Copy task. Retype the whole listing exactly, omitting any picture in it.

### RECORDS FOR THE EXERCISE

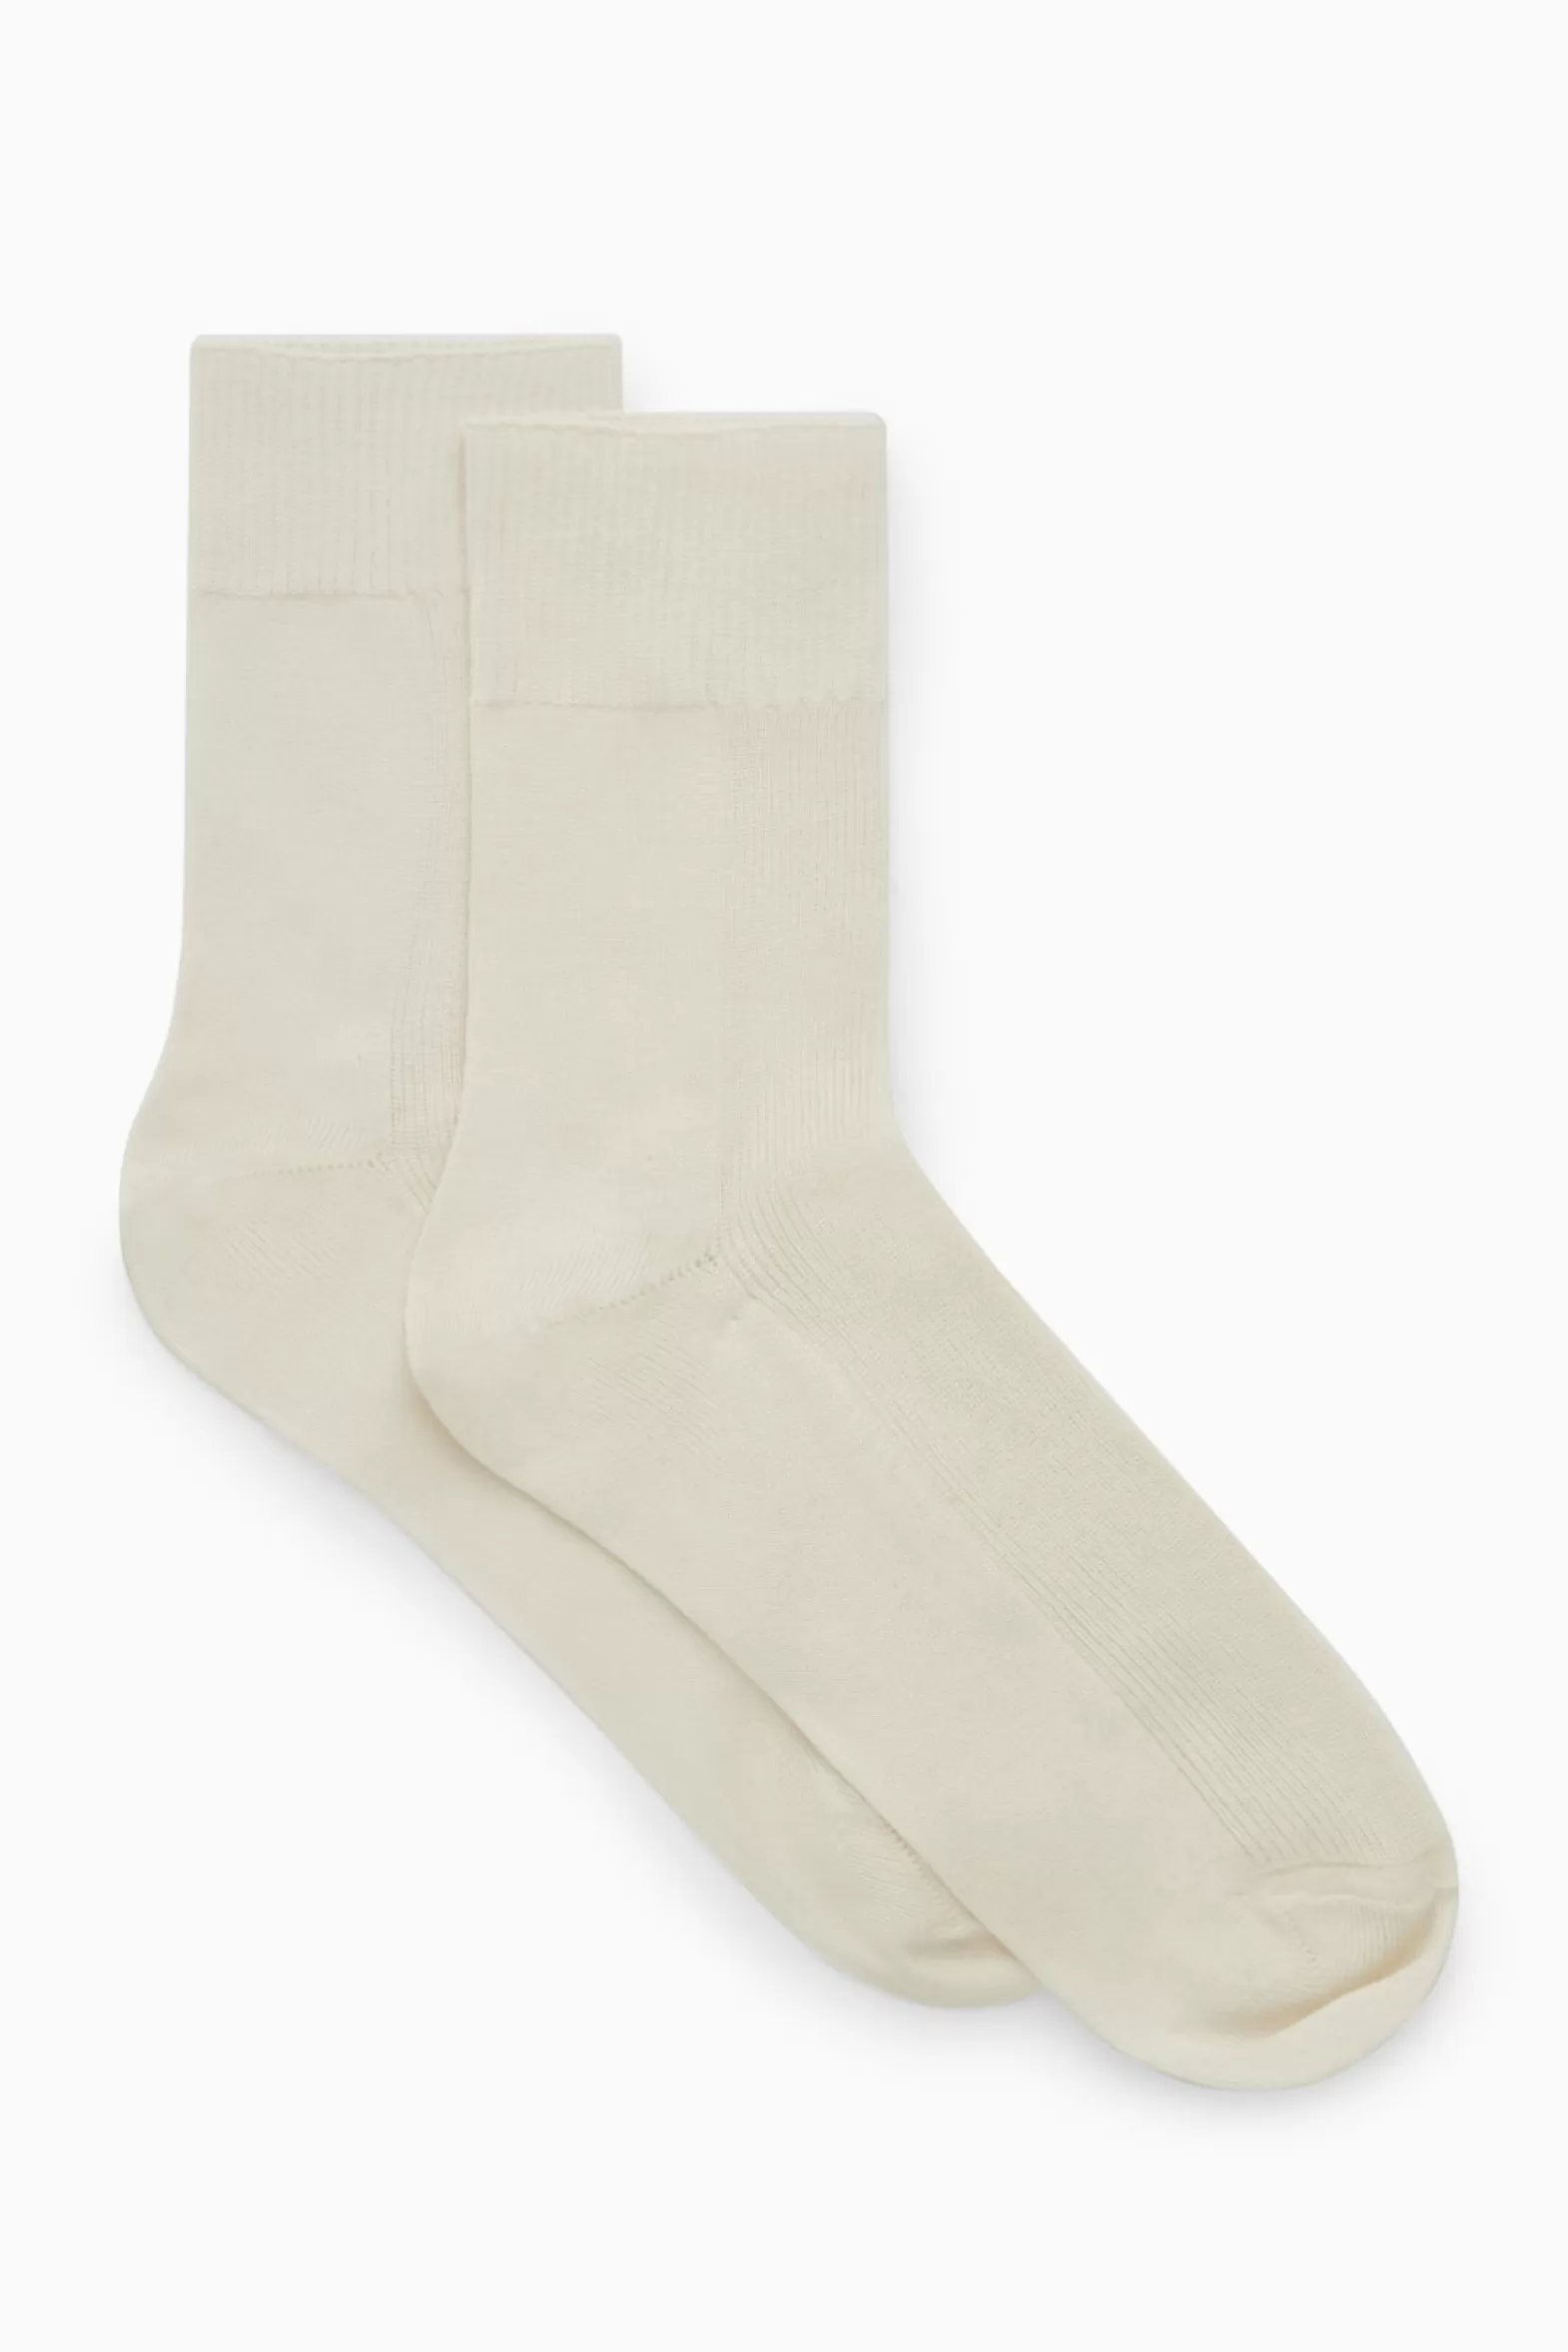 COS 2-PACK RIBBED PANEL SOCKS
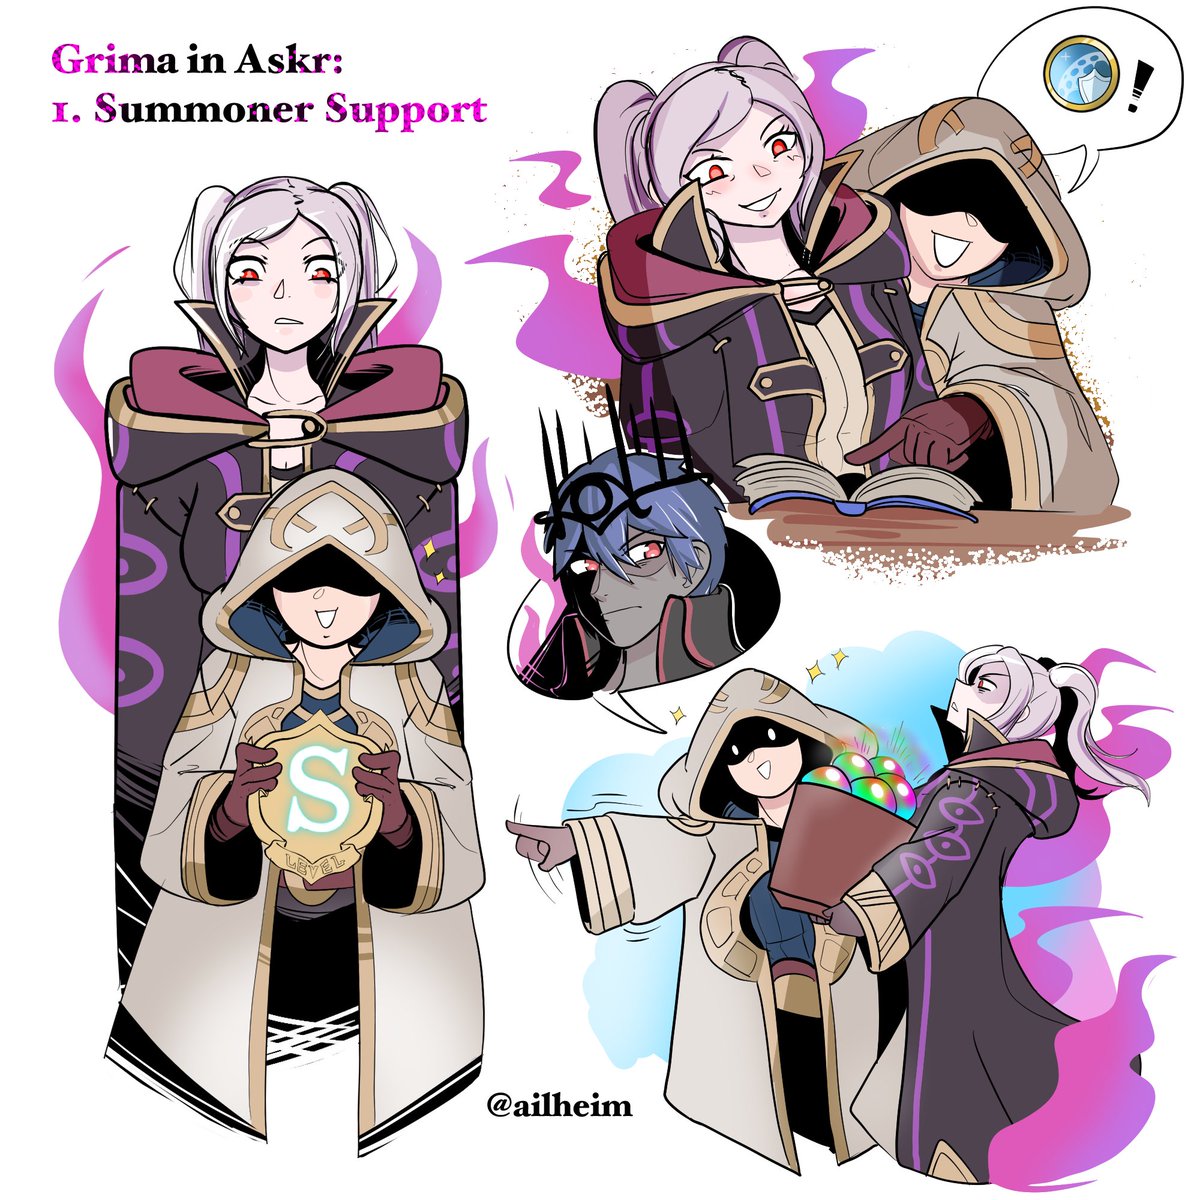 Grima in Askr: a doodle collection (1/5)
#FireEmblem #FEHeroes #fanart
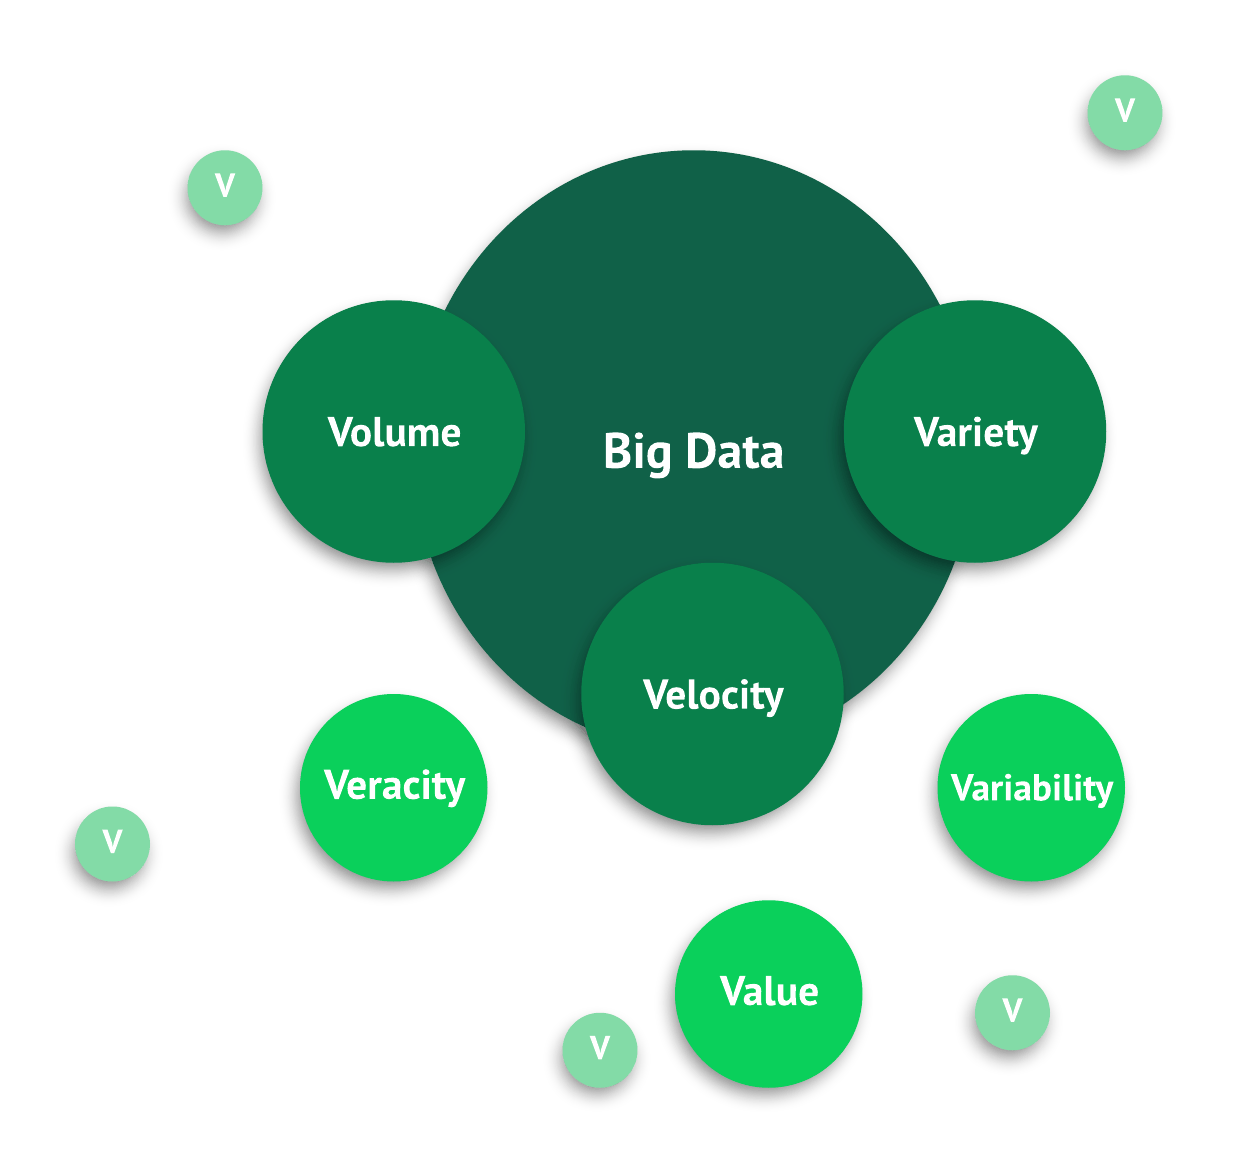 The Vs of big data are variety, velocity, and volume.
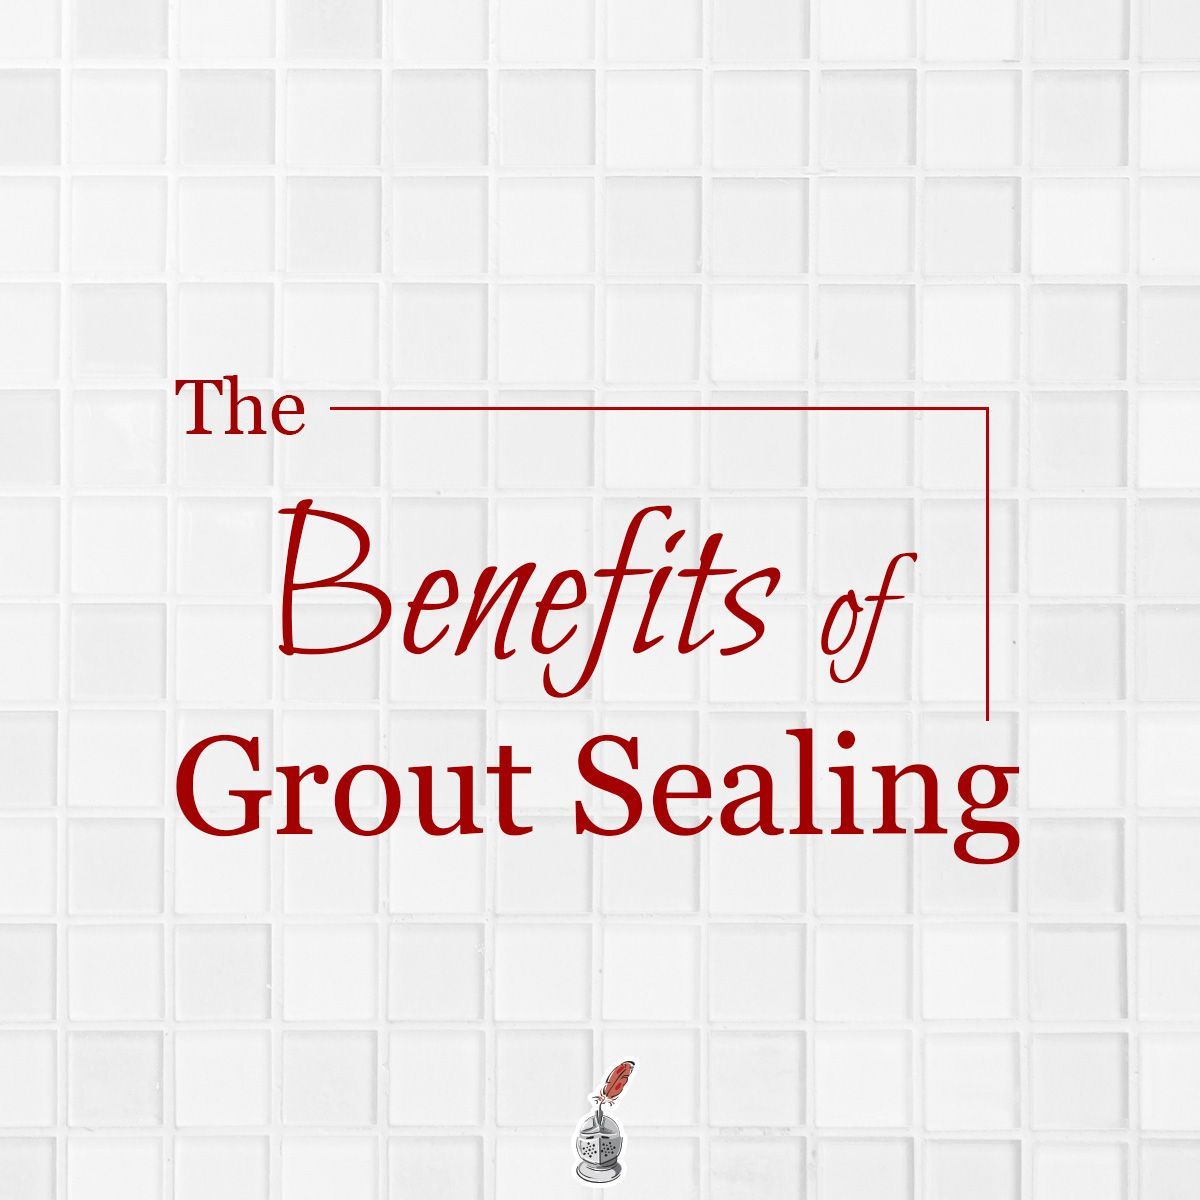 The Benefits of Grout Sealing

######

_YOUR SOLUTION_
 COS 2-PACK RIBBED PANEL SOCKS
 Grima in Askr: a doodle collection (1/5)
#FireEmblem #FEHeroes #fanart
 The Vs of big data are variety, velocity, and volume.
 The Benefits of Grout Sealing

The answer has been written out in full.